_WORK REQUEST_
For this task, output exactly the lines of the material below starting at the line with "W杯 サッカー オランダ代表ユニホーム 通販" and ending at the line with "U.S. Polo Assn."; pictures are to be excluded.

_SUPPLIED DATA_
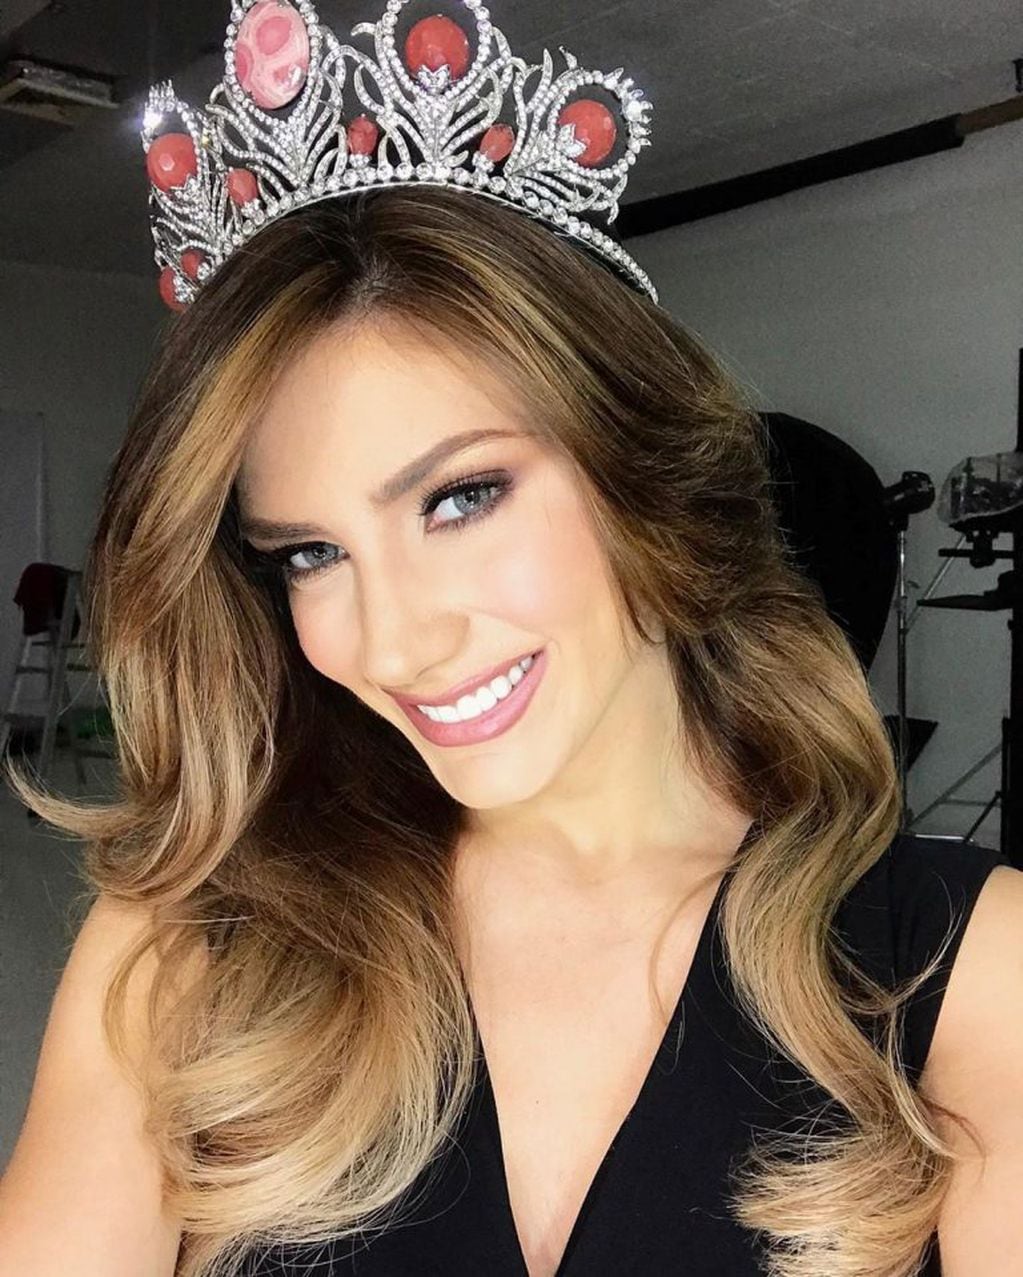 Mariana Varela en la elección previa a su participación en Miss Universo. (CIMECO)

* * *

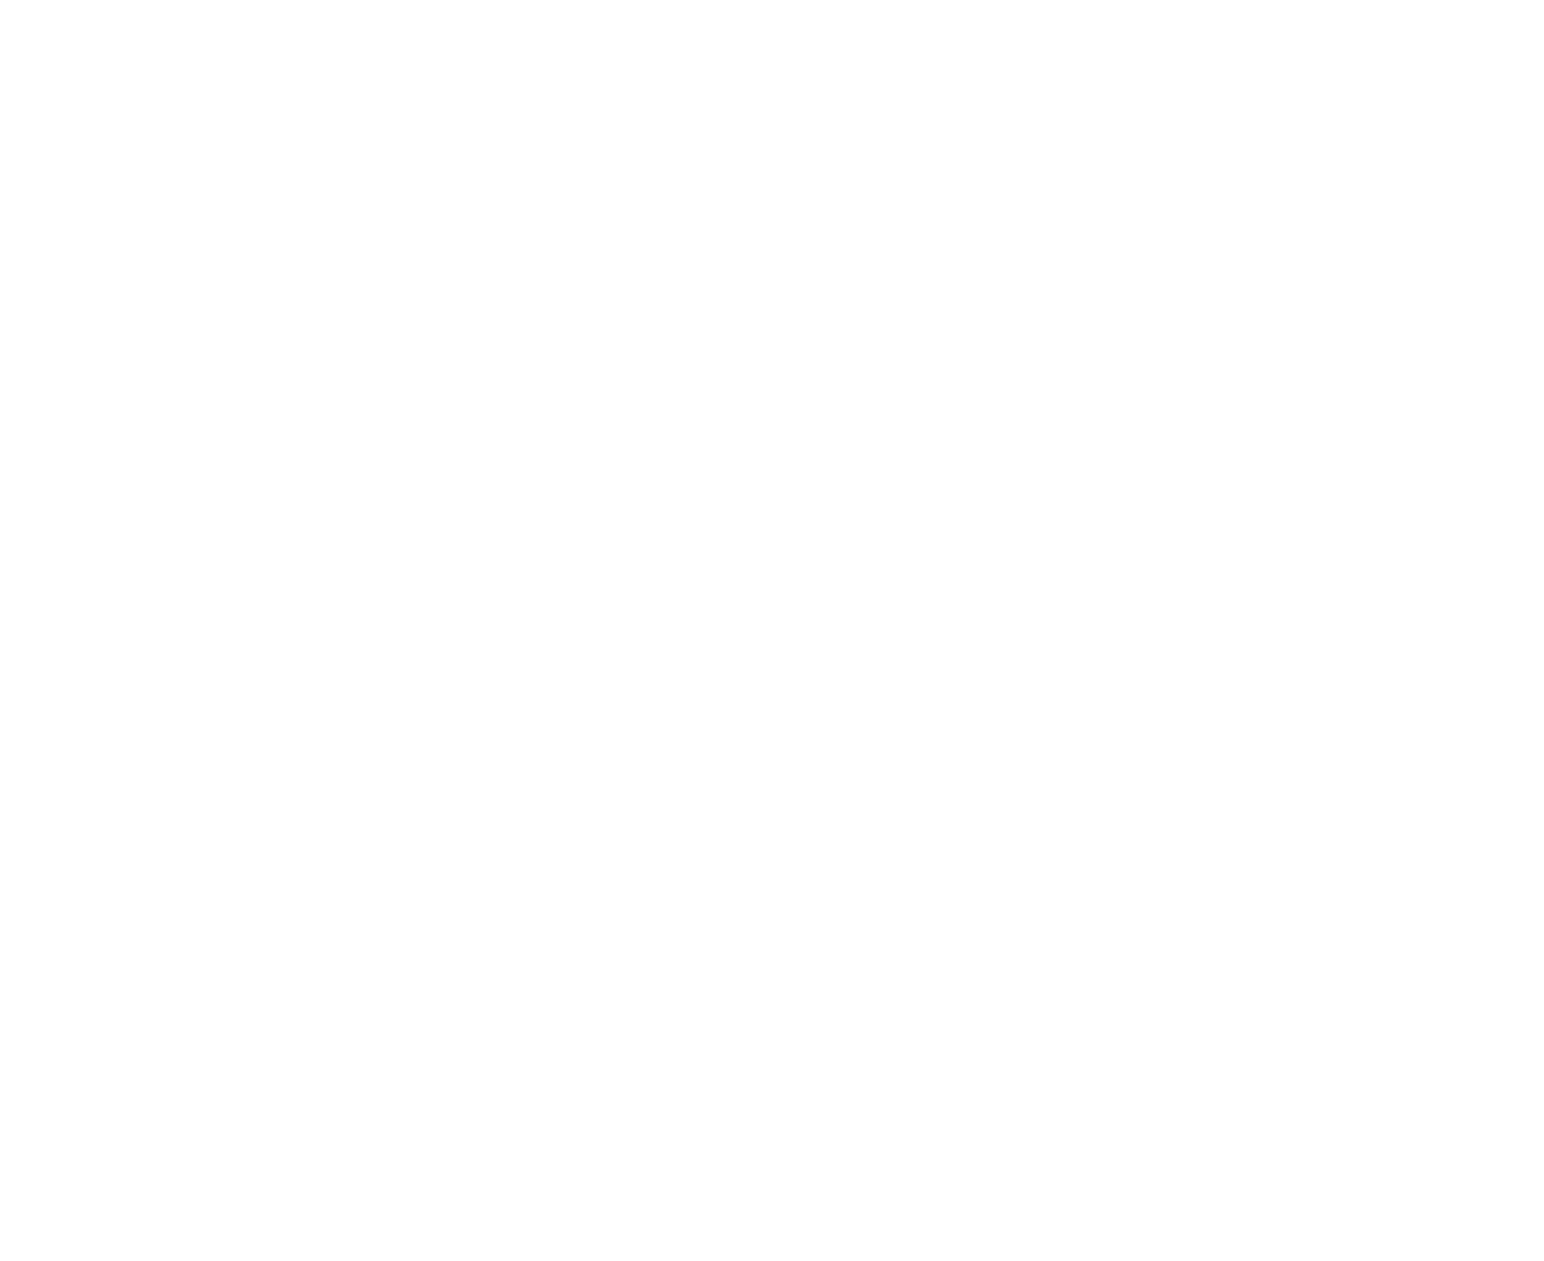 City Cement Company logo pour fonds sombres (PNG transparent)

--

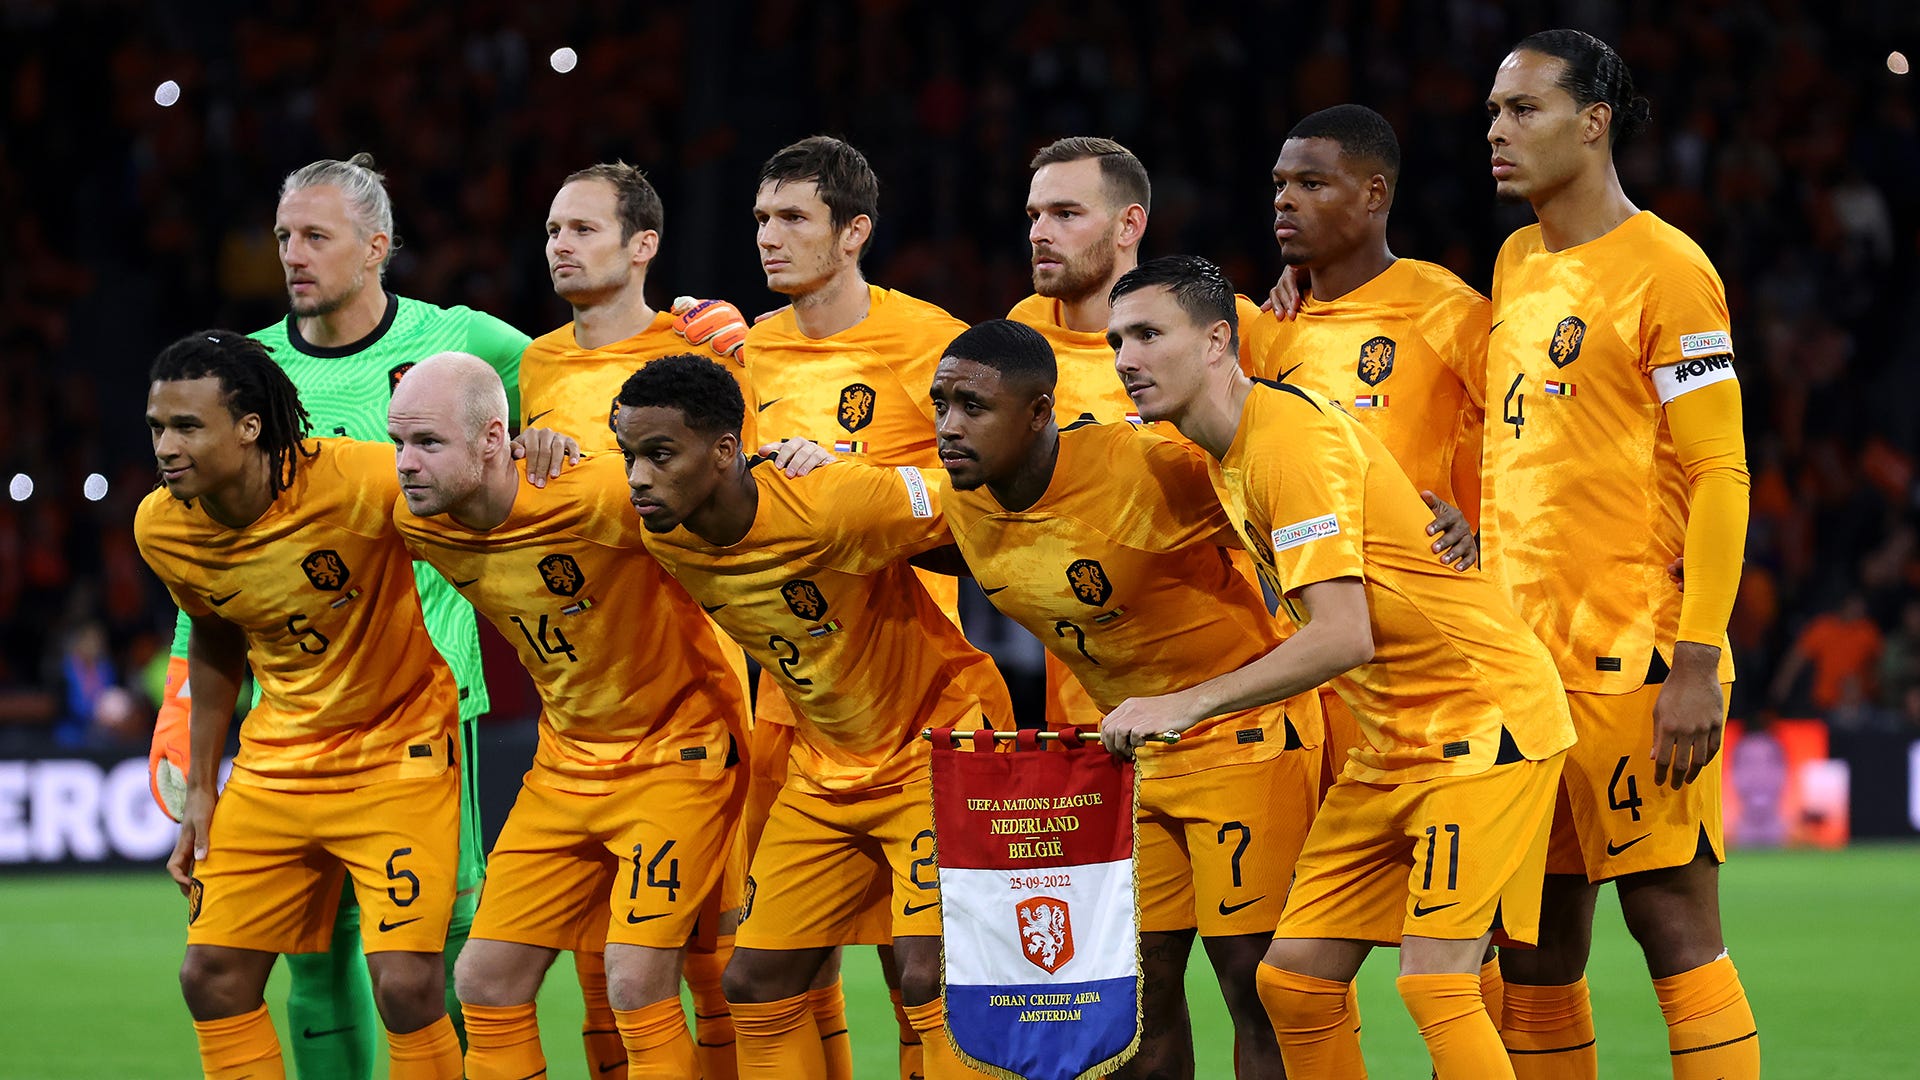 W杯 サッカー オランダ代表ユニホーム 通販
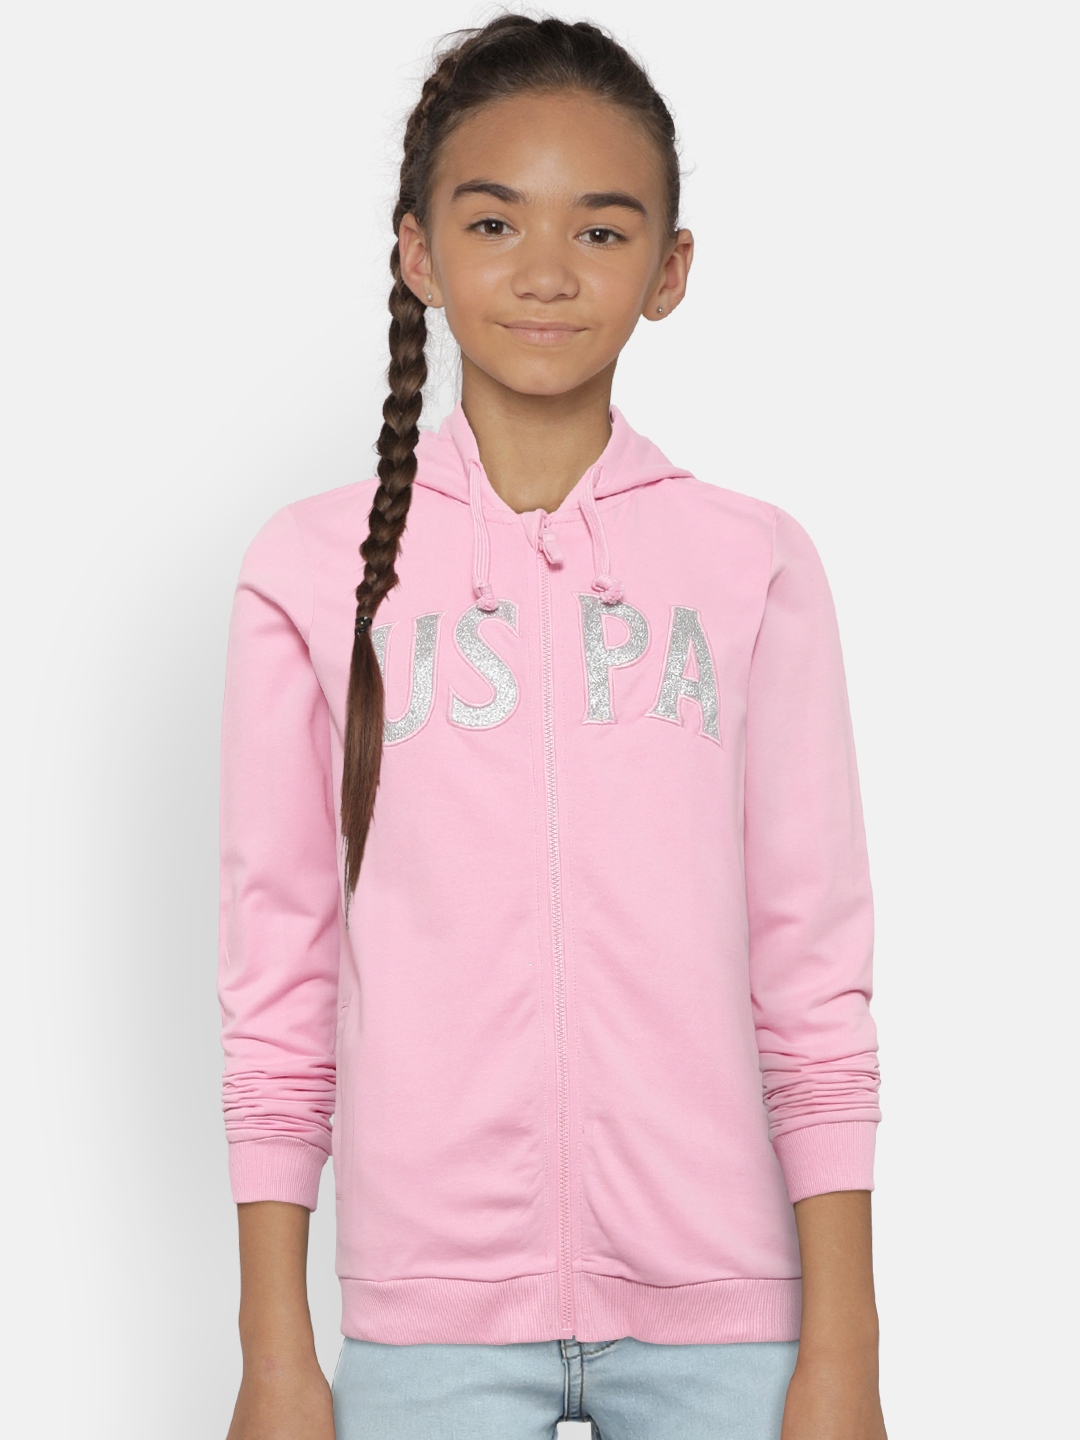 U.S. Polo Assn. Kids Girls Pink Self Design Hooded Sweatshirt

_YOUR RESPONSE_
 W杯 サッカー オランダ代表ユニホーム 通販
 U.S. Polo Assn. Kids Girls Pink Self Design Hooded Sweatshirt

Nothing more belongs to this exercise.